Qué quieres ser de mayor (¿qué es ser mayor?)
Ser adolescente es el trabajo más difícil del mundo y si tienes una vocación, ni te digo: es probable que en cinco años haya caducado
Un día fuimos a un concierto de unos tipos buenísimos; eran unos amigos que nunca llegaron o intentaron llegar a dedicarse a la música de forma profesional, pero conservaban la pasión, ensayaban de vez en cuando y se marcaban algún bolo en bares si surgía. A uno de ellos sus padres le dijeron que, si quería seguir tocando, primero estudiase una carrera y encontrase un empleo serio. Damos por sentadas verdaderas barbaridades, y esa es una de las peores; primero porque apenas existen dos o tres empleos serios, y segundo porque, si es serio, cuando acabes tu jornada laboral no puedes ponerte a tocar la pandereta. Yo fantaseé inmediatamente con un grupo de notarios que se reuniese por las noches para dar fe a todo tipo de documentos, unos tíos trabajando febrilmente en un garaje, dando rienda suelta a su verdadera pasión porque cuando eran adolescentes sus padres les dijeron que se dejasen de tanto Código Civil, y primero se buscasen el futuro como estrellas del rock. De esta manera Mick, Keith, Ron y Charlie encontraron un empleo serio de rolling stone para así, al acabar los discos y las giras, poder reunirse y hacer lo que más les gusta: revisar escrituras del catastro.
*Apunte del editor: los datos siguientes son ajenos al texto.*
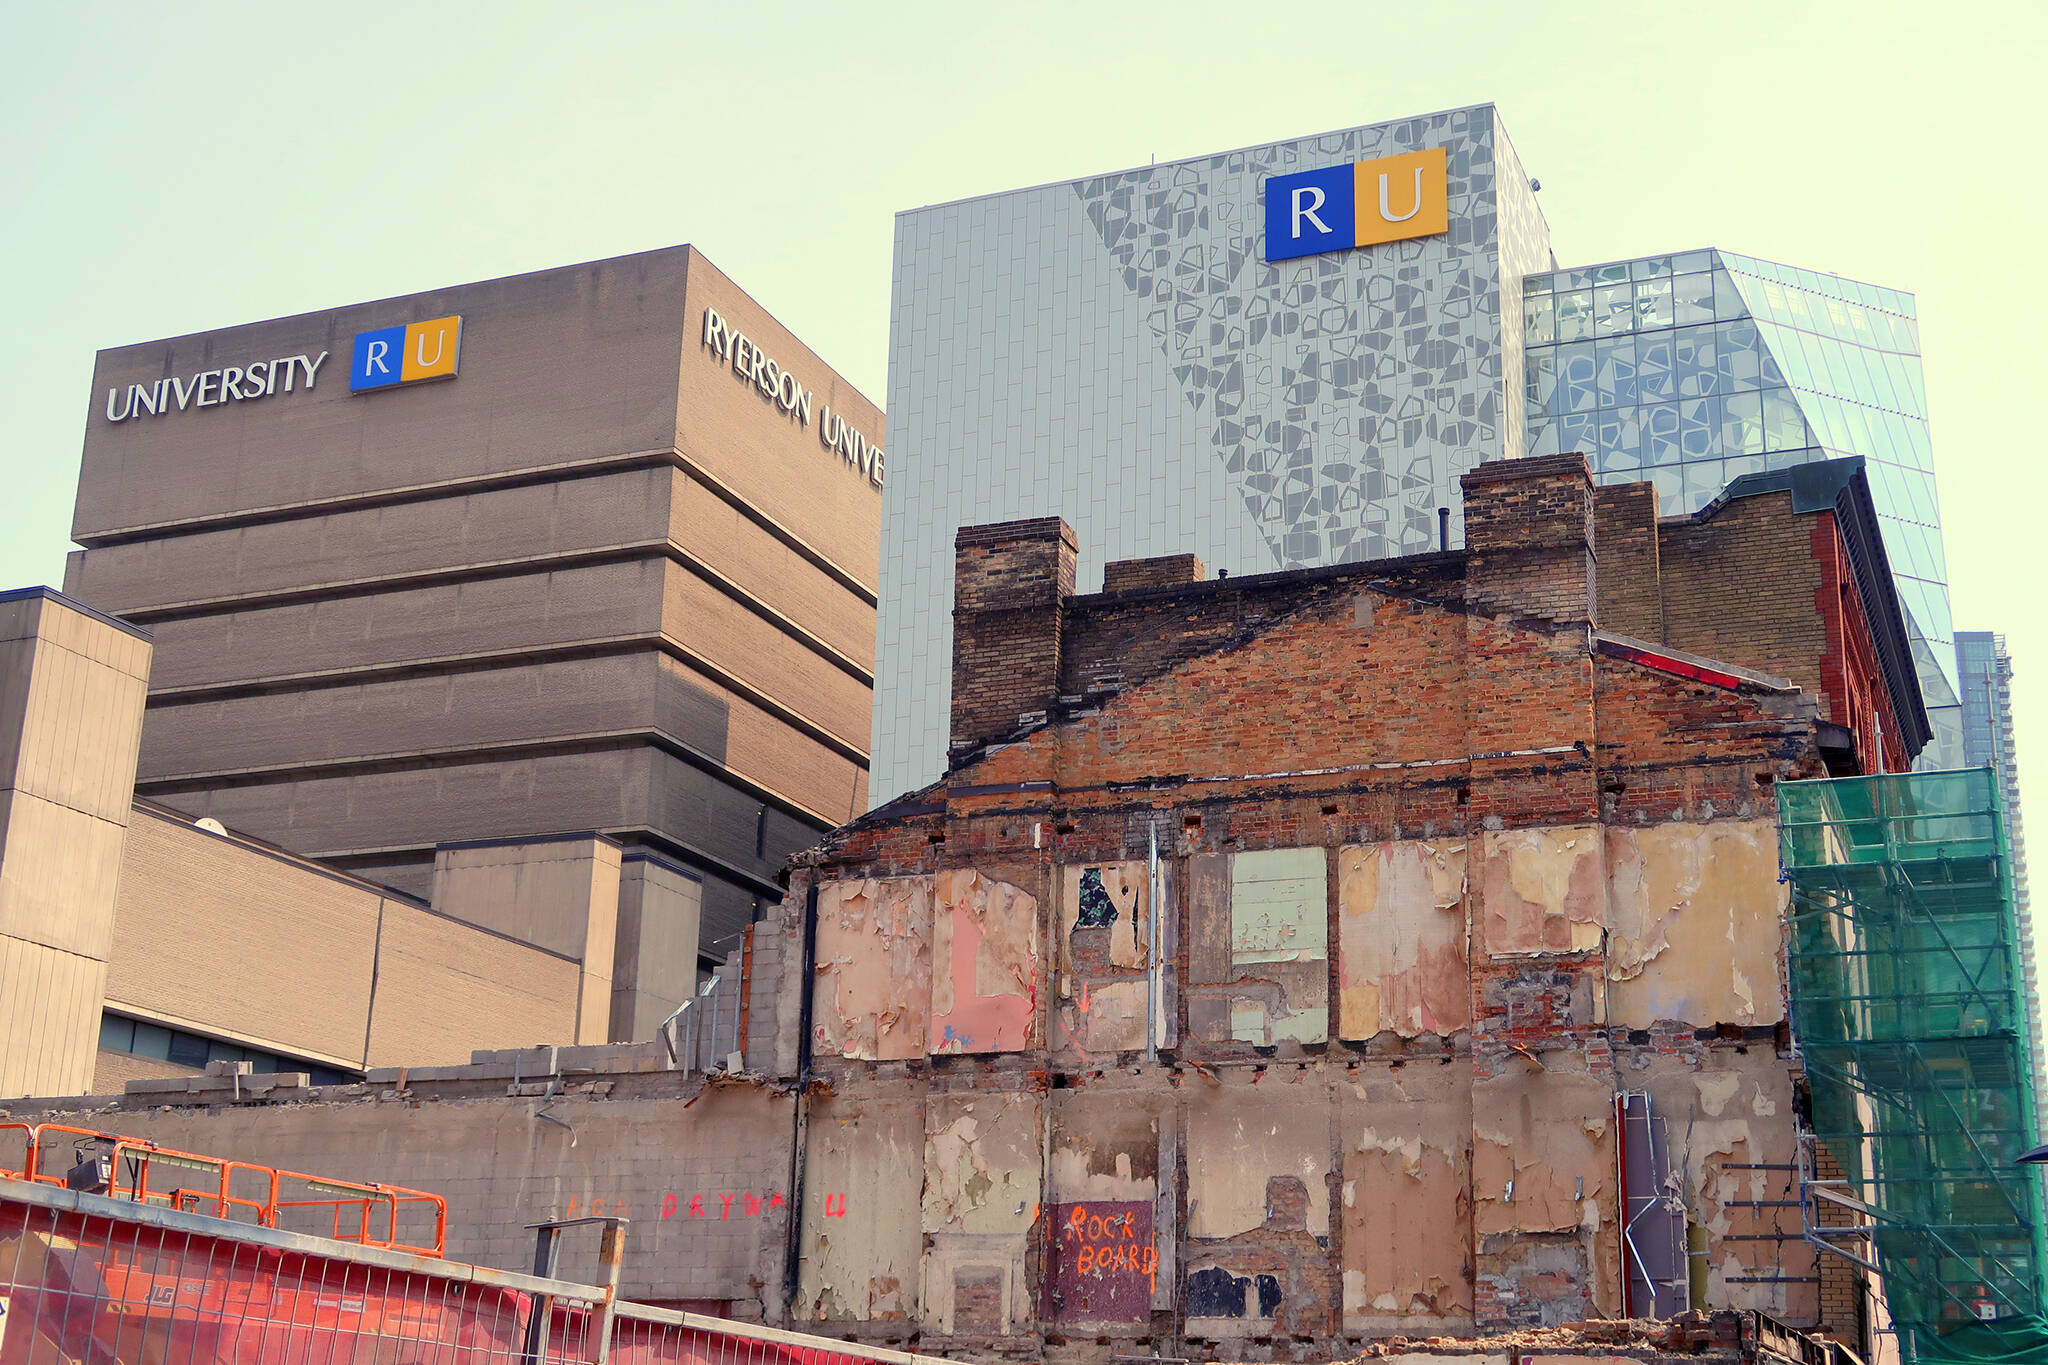 Ryerson University is officially going to change its name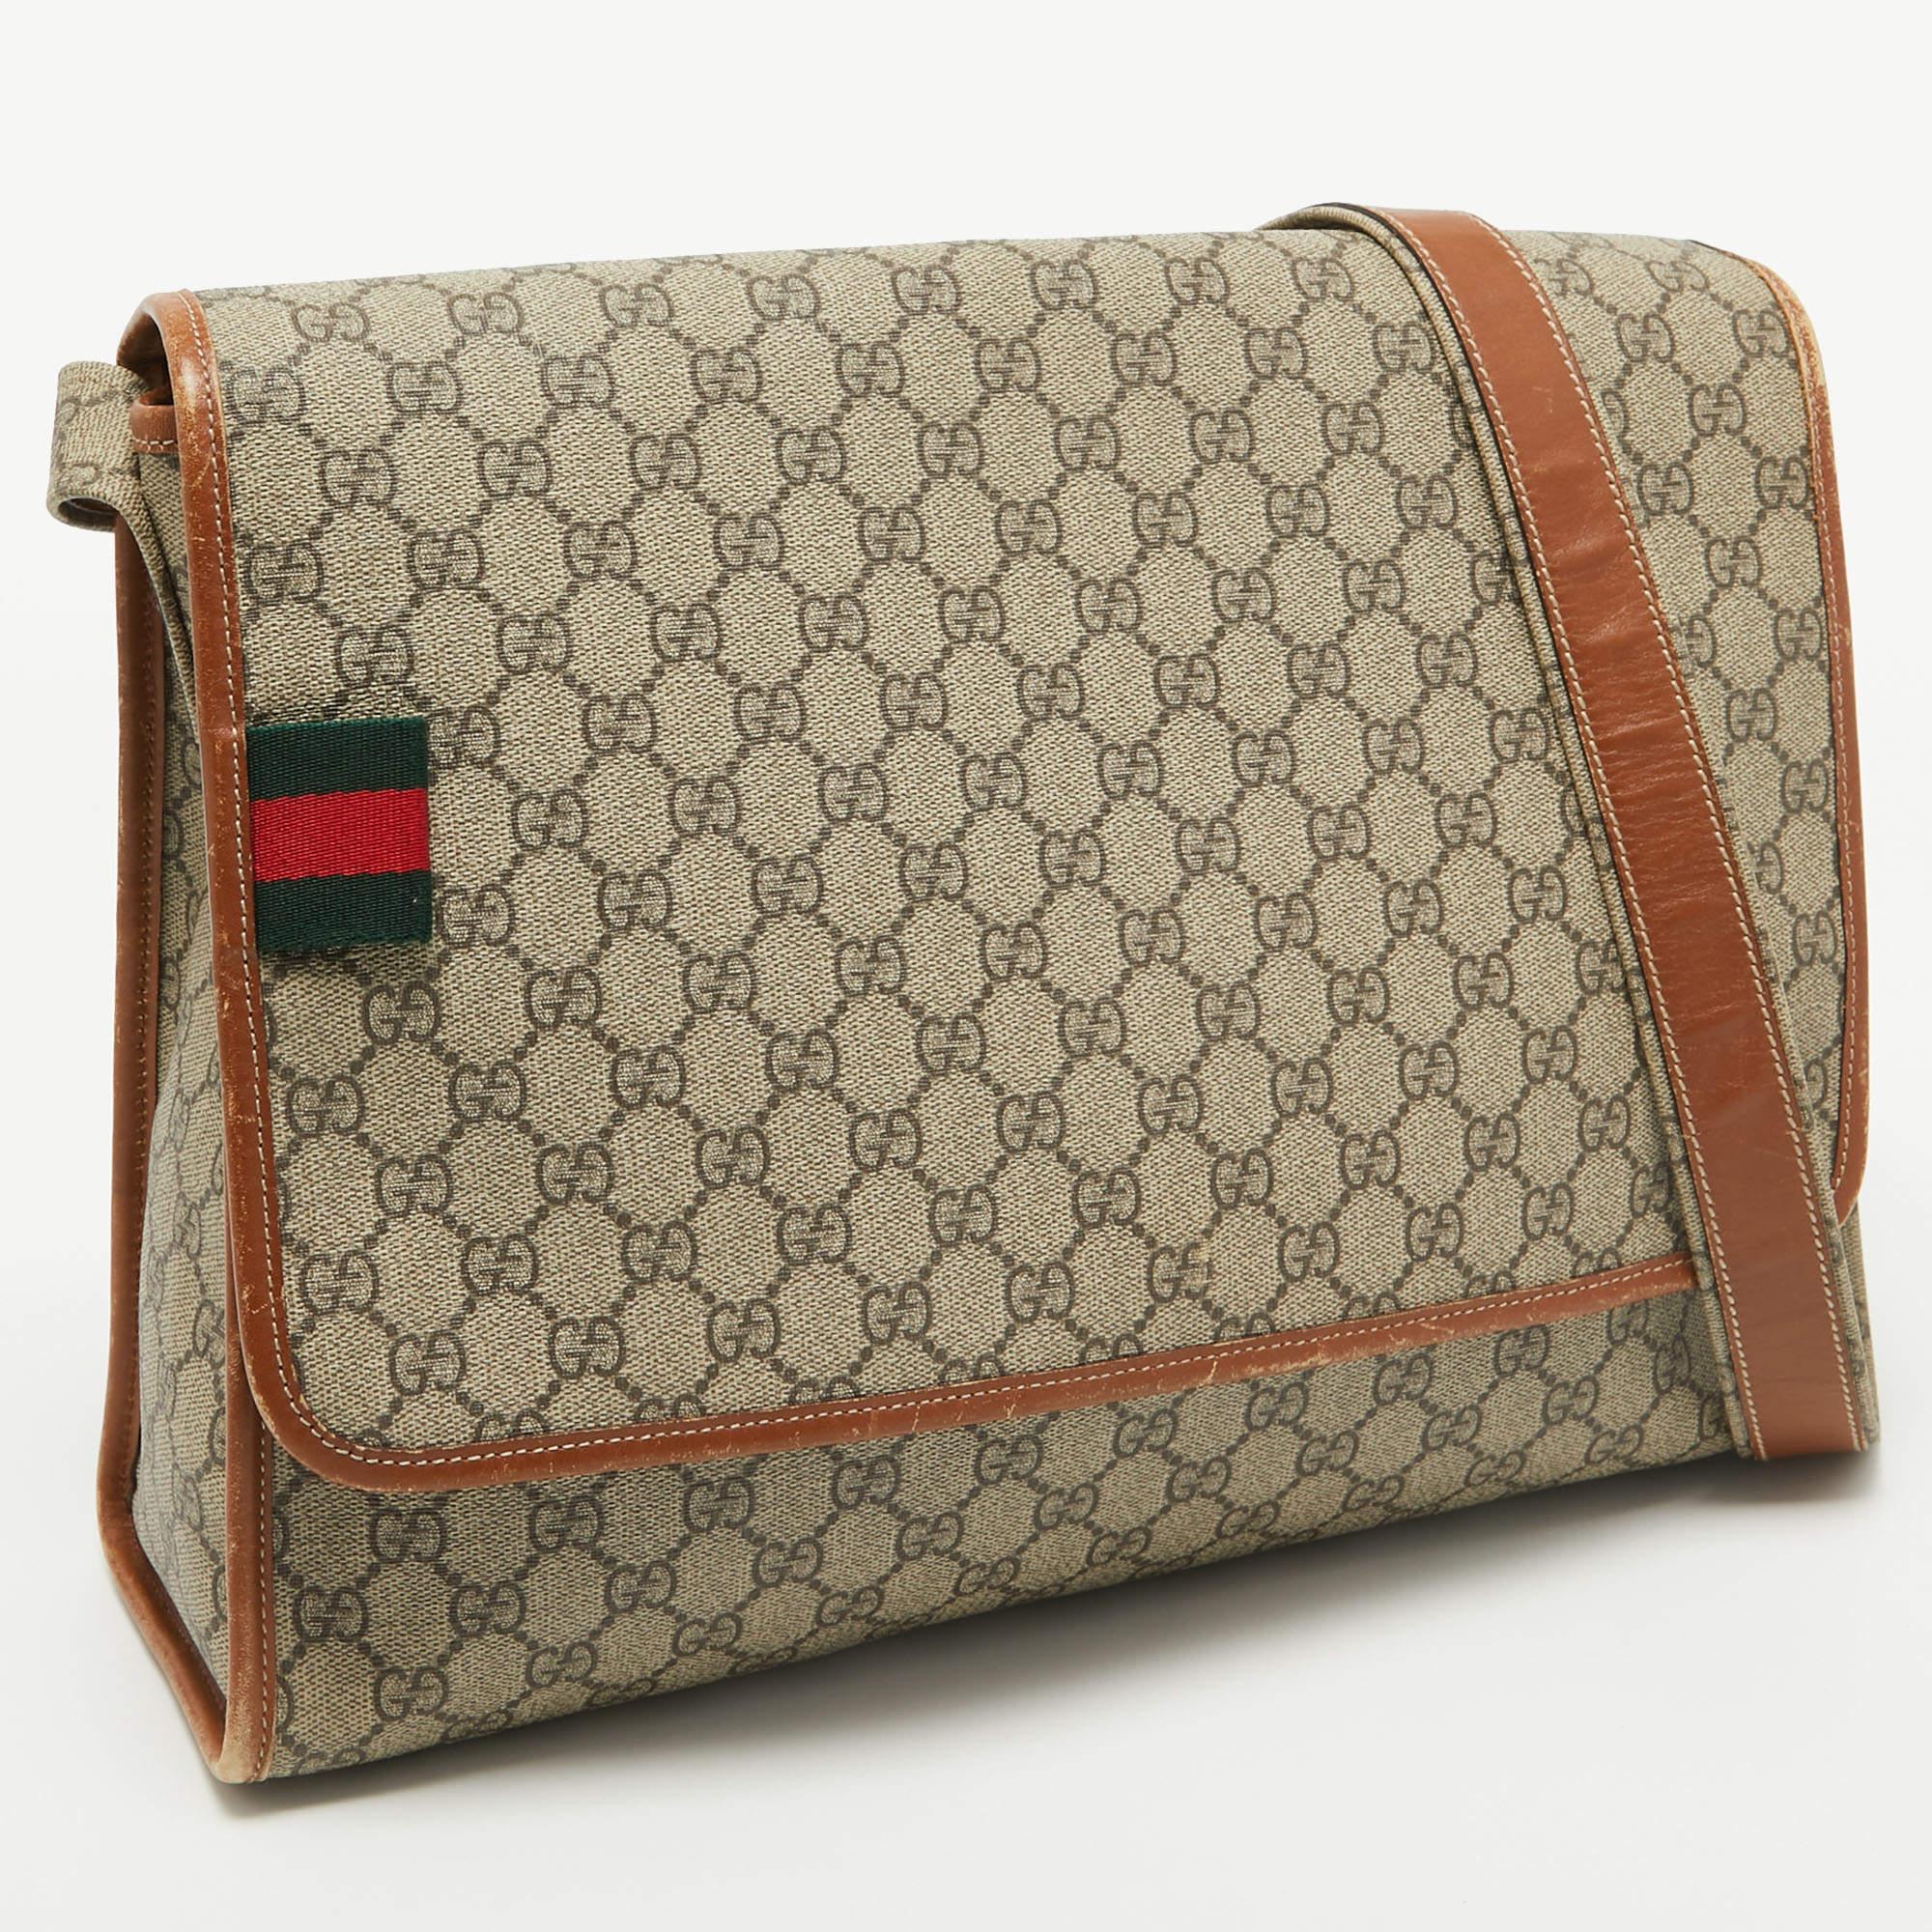 Gucci Beige/Brown GG Supreme Canvas And Leather Messenger Bag For Sale 26

Ser adolescente es el trabajo más difícil del mundo y si tienes una vocación, ni te digo: es probable que en cinco años haya caducado. Yo pasé la infancia y la adolescencia jugando al tenis todos los días de mi vida, y el hecho de competir hizo que algo que amaba lo terminase odiando; en realidad lo que a mí me gustaba era el fútbol, así que me metí en un equipo que todavía tiene pesadillas conmigo porque yo a la raqueta le daba bien, pero no tenía ni idea de parar una pelota. Se me daba bien lo que ya no me gustaba, se me daba fatal lo que me gustaba, y me dediqué a lo último porque siempre he hecho lo que me gusta aunque caiga en el ridículo, la irrelevancia o la mediocridad; además, el fútbol es un deporte en el que, cuando ganáis, piensas en lo que aportaste tú, y cuando perdéis, en lo que dejaron de aportar los demás.
Valentín Roma, por ejemplo, fue futbolista de las categorías inferiores del Atlético de Madrid, ganó la Copa del Rey de juveniles, jugó en la selección nacional y cuando le ofrecieron el primer contrato profesional, lo dejó. Hace dos años publicó un libro, Retrato del futbolista adolescente (Periférica), en el que cuenta un proceso fascinante: la desfiguración de la estrella de fútbol y la construcción del profesor, crítico de arte y escritor que es hoy; la impertinencia de la muda, contada con un talento asombroso, es aprovechada para relatar algo aún mejor que resumo, mal porque es mucho más complejo, en este párrafo de desclasado: “En mi mundo no es fácil admitir el placer sin transformarse en un impostor o sin agraviar esa vida abnegada que los padres representan, sin traicionar nuestra posición económica y nuestra ideología del sufrimiento”.
Y dos certezas. Dejó el fútbol cuando le ofrecieron instalarse en la élite, y le sorprendió lo fácil que fue. “Los millones que se movían a mi alrededor (…) no intranquilizaron a nadie. Esto puede leerse de múltiples maneras; mi preferida es que, a pesar de todo, nunca pasa nada”. Y la última de un tipo, Roma, que en la residencia de futbolistas del Atleti recibía llamadas de su padre para preguntarle si estaba siguiendo los cambios en el Comité Central del Partido Comunista Chino: “Cuando nos vestíamos de futbolistas adquiríamos bula para transgredir todos los límites. Se nos autorizaba a ser mentirosos y acaparadores, a ensañarnos con el único objetivo de medir nuestro grado de inclemencia. Después, al abandonar el vestuario, regresábamos a los valores de los que habíamos sido exonerados”.
Es probable que no sólo no tengamos ni idea de quiénes somos, sino que sigamos viviendo para averiguarlo, siempre sin fortuna.